Garnett deadpanned that the Celtics were playing "Michael (expletive) Jordan."

Here's the thing. Durant IS a superstar. The 6-foot-9 silky smooth forward is special and finished this season as the youngest scoring champion in NBA history, averaging 30.1 points per game. He also paced the league in free- throw attempts per game at 10.3.

"Ever since KG said something, everybody's been questioning how I get to the line," Durant told the Oklahoman. "If you watch our games, you wouldn't question it."

Jackson isn't really questioning it. In fact the Lakers' coach is likely a bit spooked by Durant's skill and is looking for any edge he can get, whether that's upsetting Durant himself or getting one or two subliminal calls out of officials that might have gone the other way.
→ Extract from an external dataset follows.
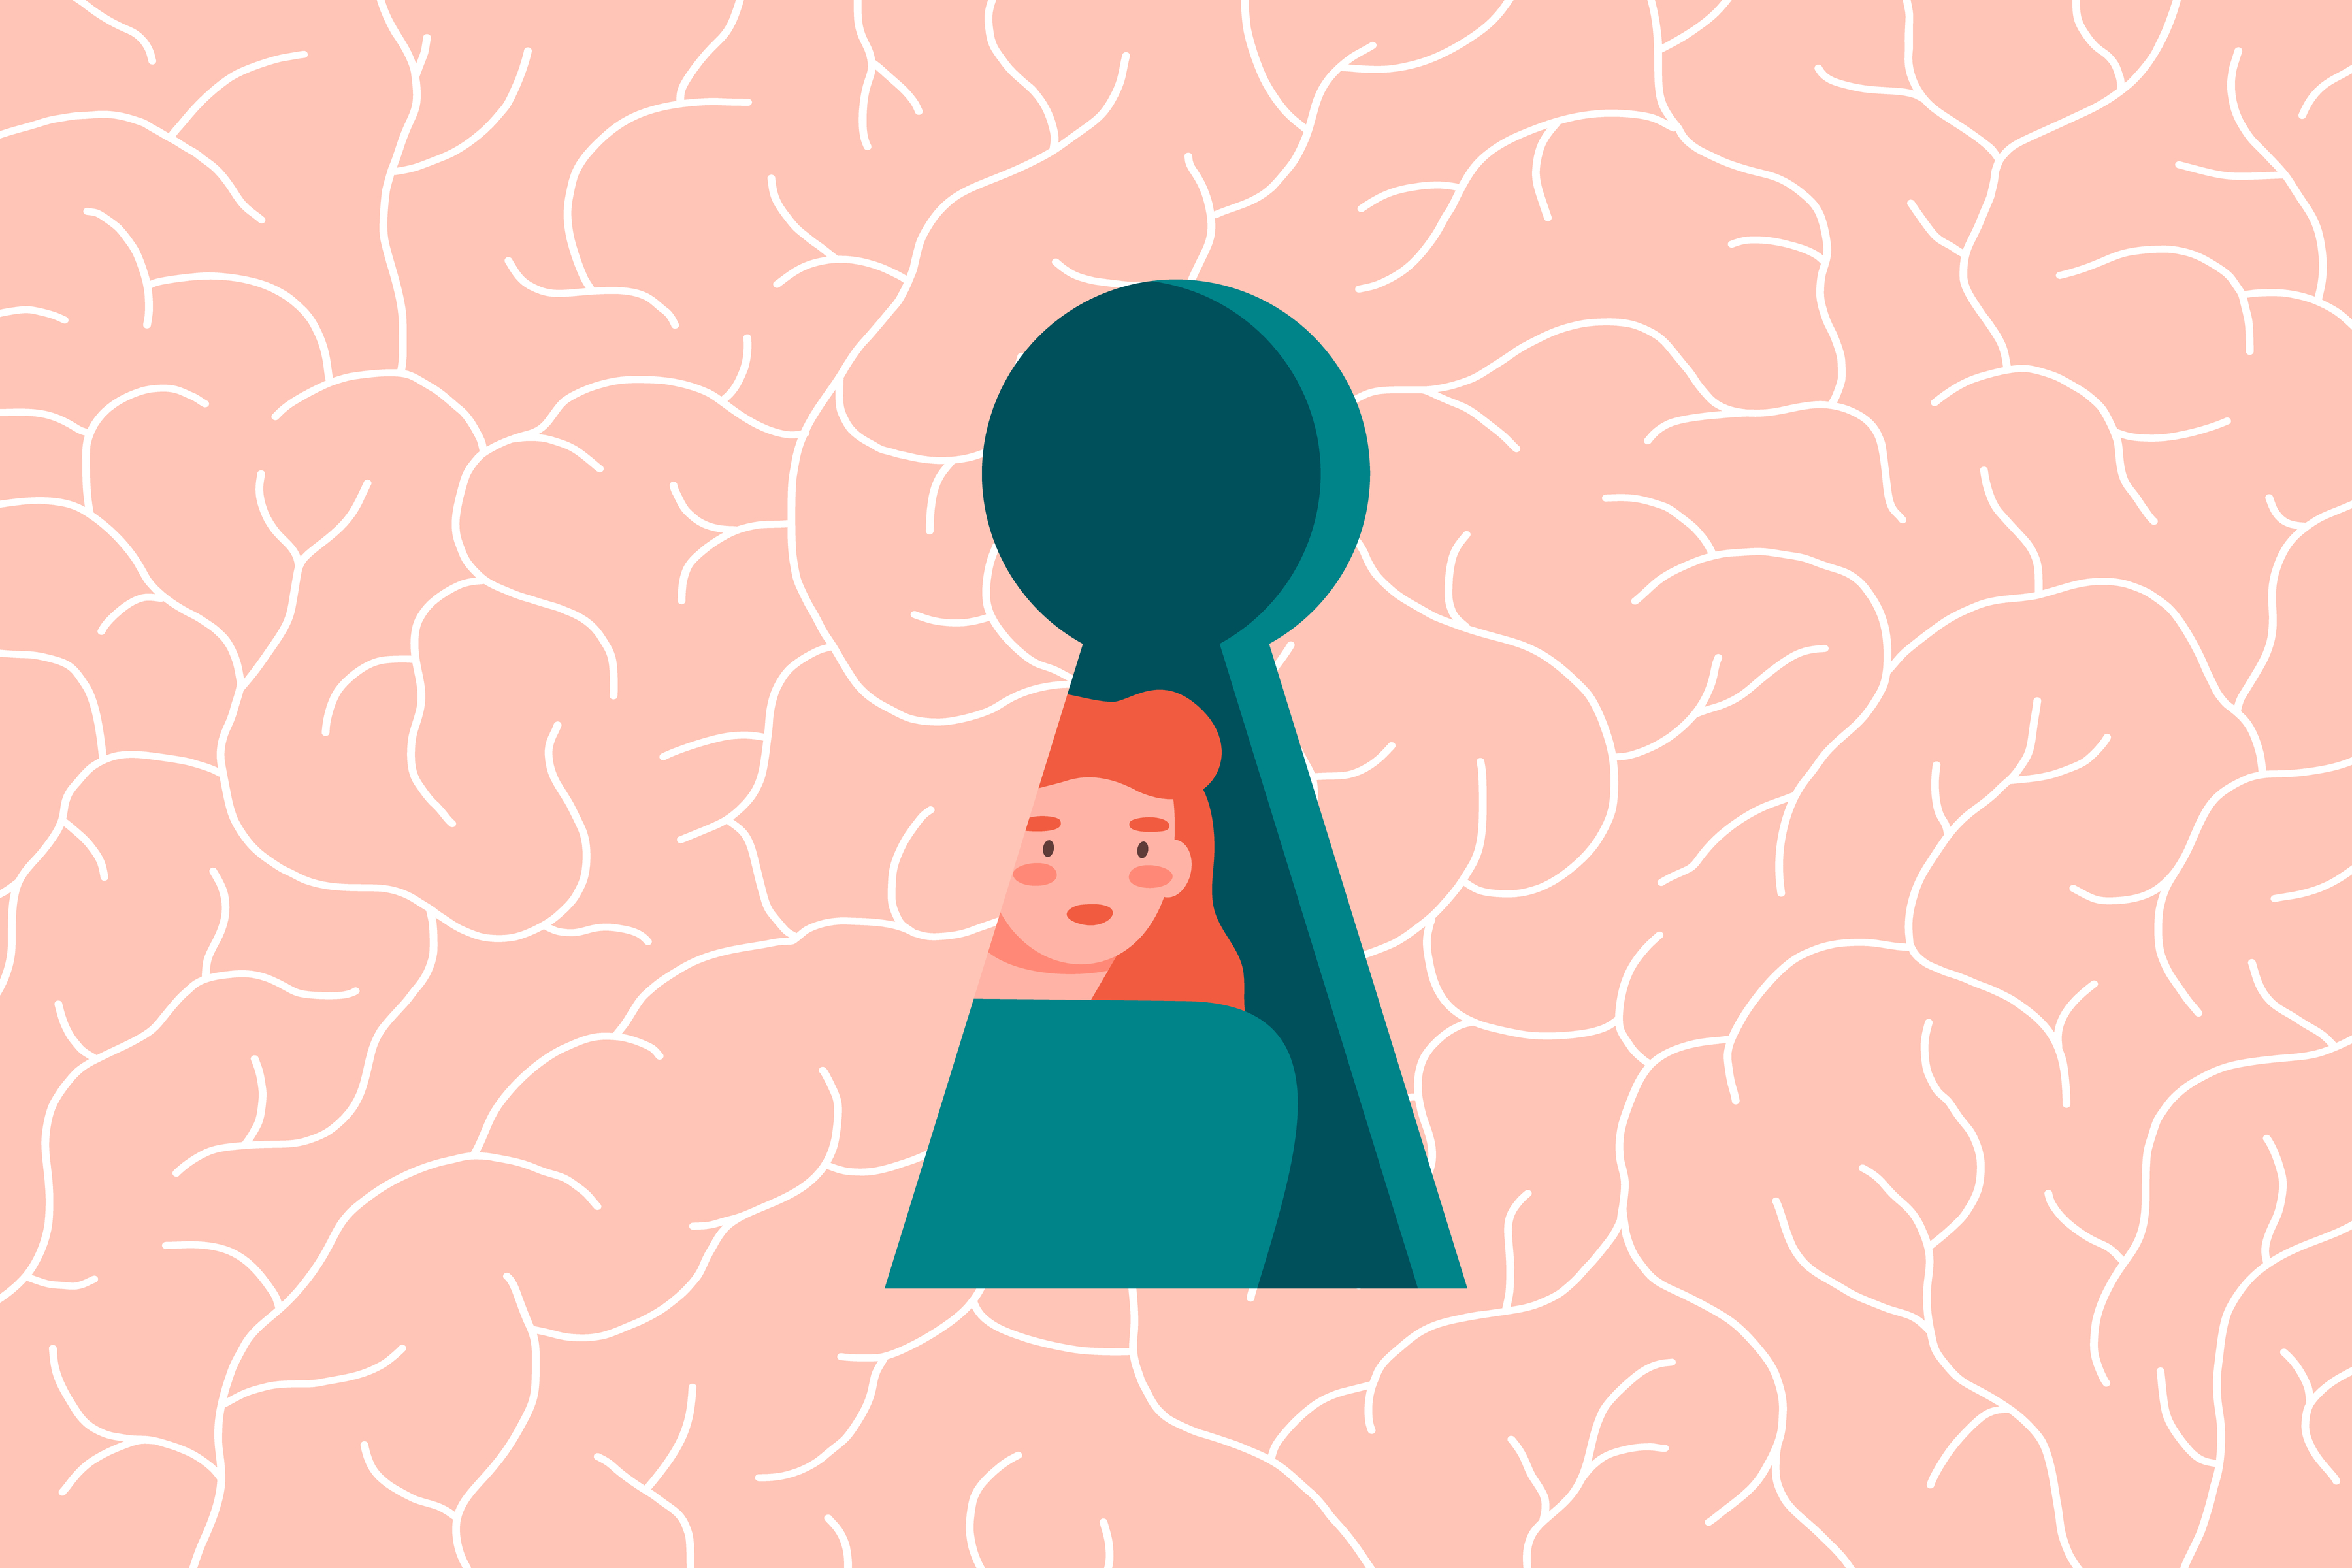 Chicago tech B2B sales illustration of a person looking out a keyhole inside of a pink brain

It seems to be working. The 21-year-old Durant showed a little bit of the immaturity the Lakers' mentor was trying to exploit when addressing the issue on Wednesday.

"It's taking away from what I do," Durant said. "That's a part of my game, getting to the free-throw line and being aggressive. If you say that I get superstar calls or I get babied by the refs, that's just taking away from how I play. That's disrespectful to me."
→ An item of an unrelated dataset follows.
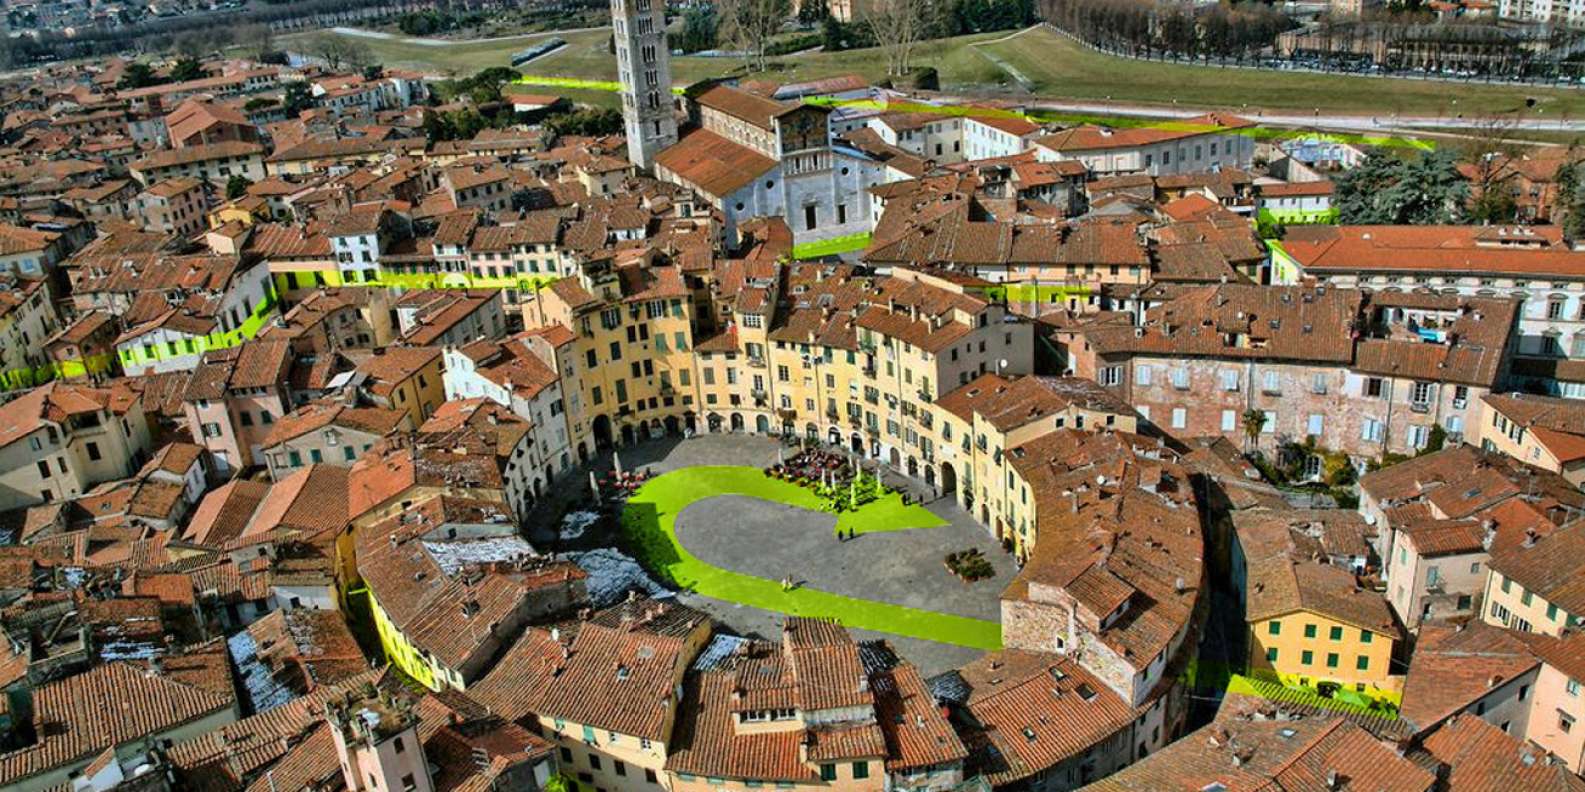 things to do in Lucca

Durant should have just kept his mouth shut and punched the bully squarely in the face by dropping 40 points in Game 1. Instead, it's advantage Jackson and the Lakers, who will take down the talented but inexperienced Thunder in seven games.
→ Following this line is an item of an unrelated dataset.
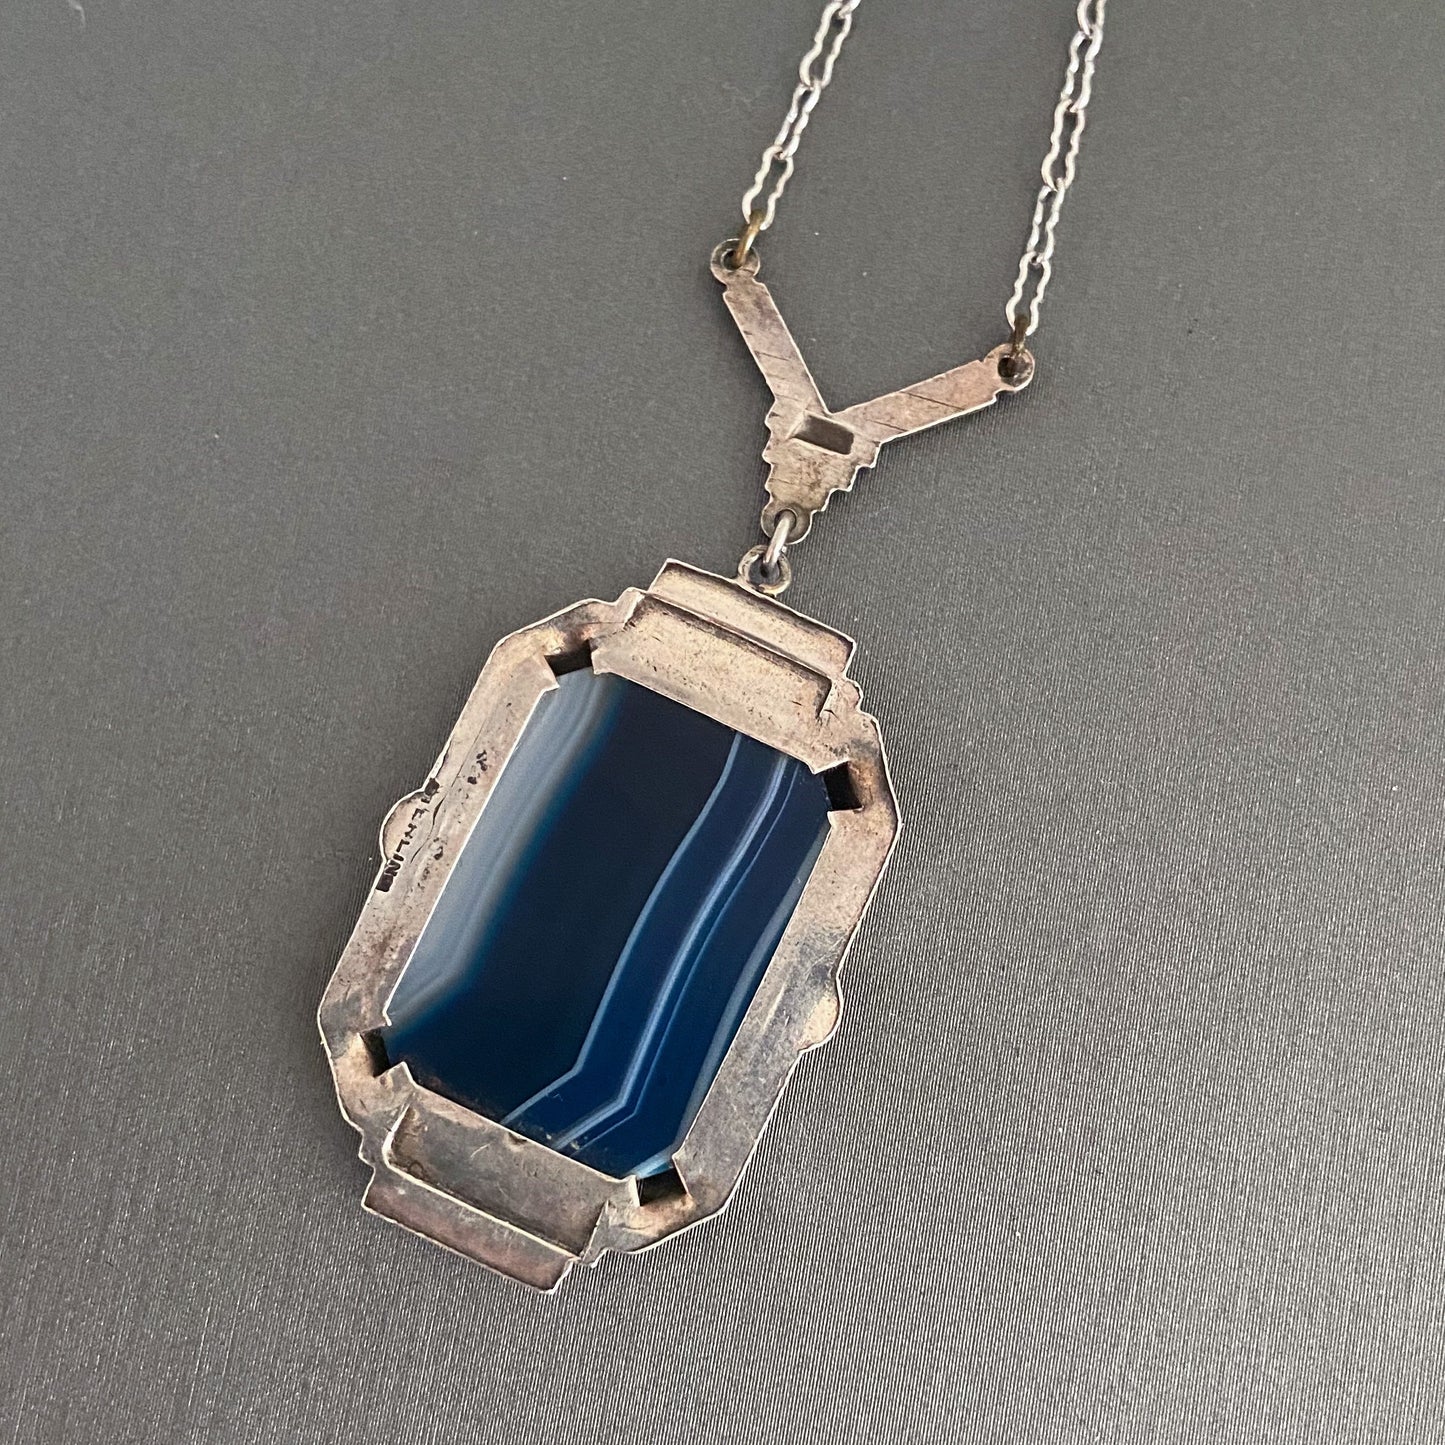 SOLD--Art Deco Marcasite and Blue Agate Necklace Sterling c. 1930

Now let's take a closer look at the rest of this year's opening round matchups...

EASTERN CONFERENCE

(1) CLEVELAND vs. (8) CHICAGO


The Cavs have more playoff experience, the best player in the game and a more competent coach but they shut it down for a week while Chicago has been playing for its playoff life each and every day down the stretch. I think rustiness might be able to steal the Bulls a game or two, but they will not seriously threaten The King and Cleveland.

Cavs in 5

(2) ORLANDO vs. (7) CHARLOTTE


The talent discrepancy between these two teams is not as great as you would think considering the difference in records, but a number of things are pointing in Orlando's direction. The Bobcats already accomplished their main goal of making the postseason for the first time in franchise history. Meanwhile, the Magic have that deep run from last year to fall back upon, and the most dominant inside player in the game, Dwight Howard. The fact that Larry Brown has likely already made the decision to move on from Charlotte is also tough to overcome.

Magic in 5

(3) ATLANTA vs. (6) MILWAUKEE


If the Bucks had any chance here, it likely went down in flames when much- improved center Andrew Bogut was injured against Phoenix in early April. Atlanta is just too athletic and has too many offensive options for Milwaukee to keep up in a seven-game setting.

HAWKS in 5

(4) BOSTON vs. (5) MIAMI


Dwyane Wade is good enough to win games by himself in the final five minutes if Miami can figure out a way to keep things close. That said, Boston has too much experience and will mind a way to squeeze things out, likely in seven games.

Celtics in 7

WESTERN CONFERENCE

(2) DALLAS vs. (7) SAN ANTONIO


The aging Spurs certainly have the experience to give their in-state rivals fits, but the February trade that brought Caron Butler and Brendan Hayward to Big D really toughened the Mavs up and made them far better suited for postseason play. That said, Tim Duncan, Tony Parker and Manu Ginobili still have enough to get this to a Game 7 where anything can happen, but I think Dirk Nowitzki and his superlative offensive skills are the difference there.

Mavs in 7

(3) PHOENIX vs. (6) PORTLAND


Talk about snake-bit. The loss of All-Star Brandon Roy to a torn meniscus in his right knee likely seals Portland's fate against the high-flying Suns. Already without centers Greg Oden and Joel Przybilla, Blazers coach Nate McMillan did a wonderful job holding things together in the Pacific Northwest this season and is my Coach of the Year, but there is only so much you can do.

Suns in 5

(4) DENVER vs. (5) UTAH


Utah is extremely talented, but something bothers me about a team that lays an egg on the last day of the regular season on their home floor with the division title on the line and the second seed in the conference still in play. That said, I'm picking the Jazz even though I think Denver is the more well-rounded team. George Karl's health issues are just too big of a distraction.